NAV Stability (CefConnect)

Premium / Discount to NAV

The fund has traded at premiums to net asset value for very long periods of time in the past:

Premium/Discount to NAV

Premium/Discount to NAV (Morningstar)

We can see that after 2016, the average premium to NAV has been over 10%. This is fairly unusual, and it speaks to an investor base who is very faithful to the fund, coupled with zero rates.

As the risk-off environment has taken hold in 2022 on the back of higher rates, the fund’s premium to NAV has decreased:

PCM Fund Discount or Premium to NAV
Data by YCharts

Conclusion

PCM is a small, niche fund from Pimco. The vehicle has pivoted towards non-agency MBS bonds in 2022, that bucket now accounting for almost 50% of the fund. The vehicle has posted a -20% total return so far in 2022, driven by higher rates and wider credit spreads, coupled with an increase in duration for the underlying MBS bonds. We feel the next few months will continue to be challenging, with better times ahead. While the mortgage market is not done with its trials and tribulations (more duration trouble ahead), purchasing an asset class when mortgage rates are close to 20-year highs is most certainly a good entry point.
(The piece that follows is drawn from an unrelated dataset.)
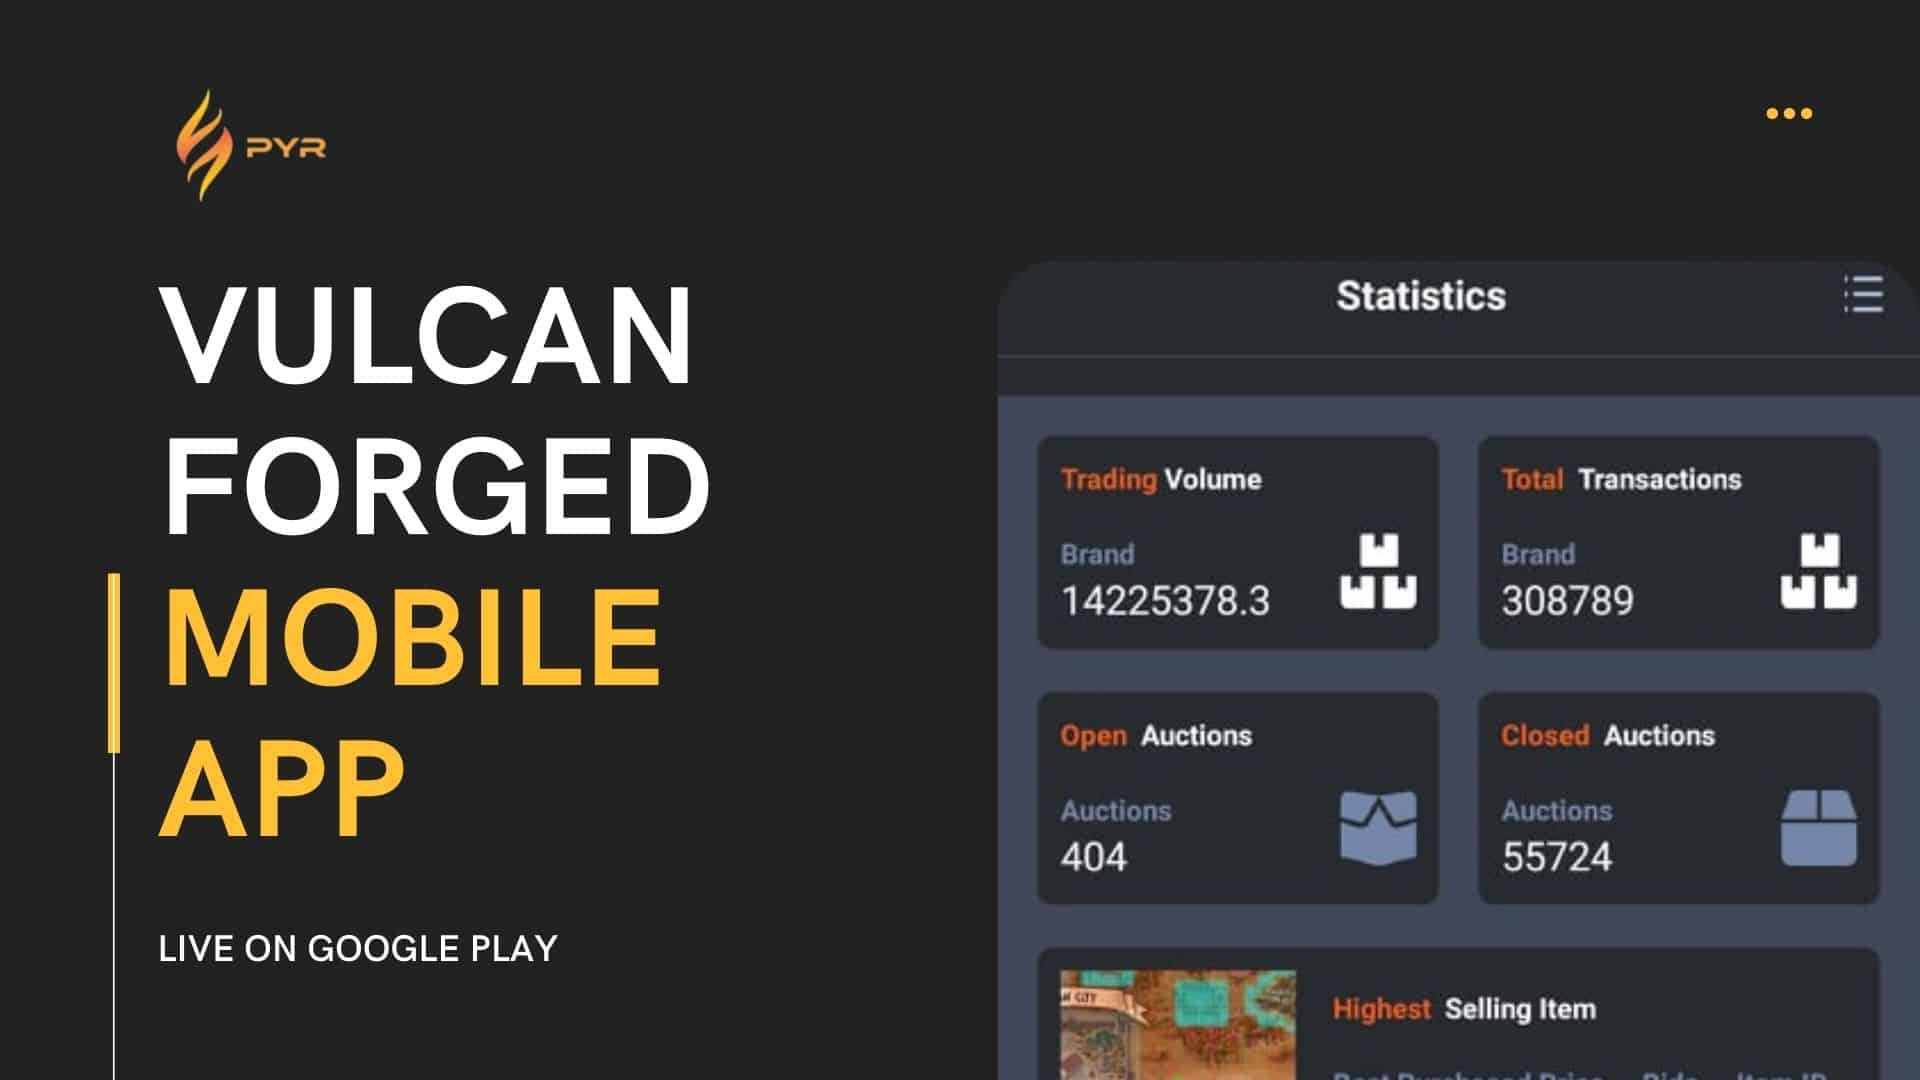 VULCAN FORGED MOBILE APP Following the momentous launch of their VulcanDex, a decentralized exchange for the blockchain gaming industry with cross chain support, the entire ecosystem of Vulcan Forged is thriving. The community is growing and getting stronger with each passing day thanks to the collective success of their official marketplace and games like VulcanVerse, Berserk, Forge Arena and Vulcan Chess. That is the reason why they have attracted the undying support of their daily users across different games as well as gained the trust of their partners like Yield Guild Games who have invested on Vulcan Verse land plots and offered scholarships to their members through The Cedalion program. 

The CEF usually trades at significant premiums to NAV (over 10% on average) but has seen that number shrink on the back of the risk-off environment. An investor also needs to be aware that PCM does take significant credit risk through its portfolio and high leverage (non-agency MBSs do not have a government guarantee). The fund has been around since 1993 and has been able to navigate many market environments, and we feel the vehicle is finally becoming attractive as the premium shrinks.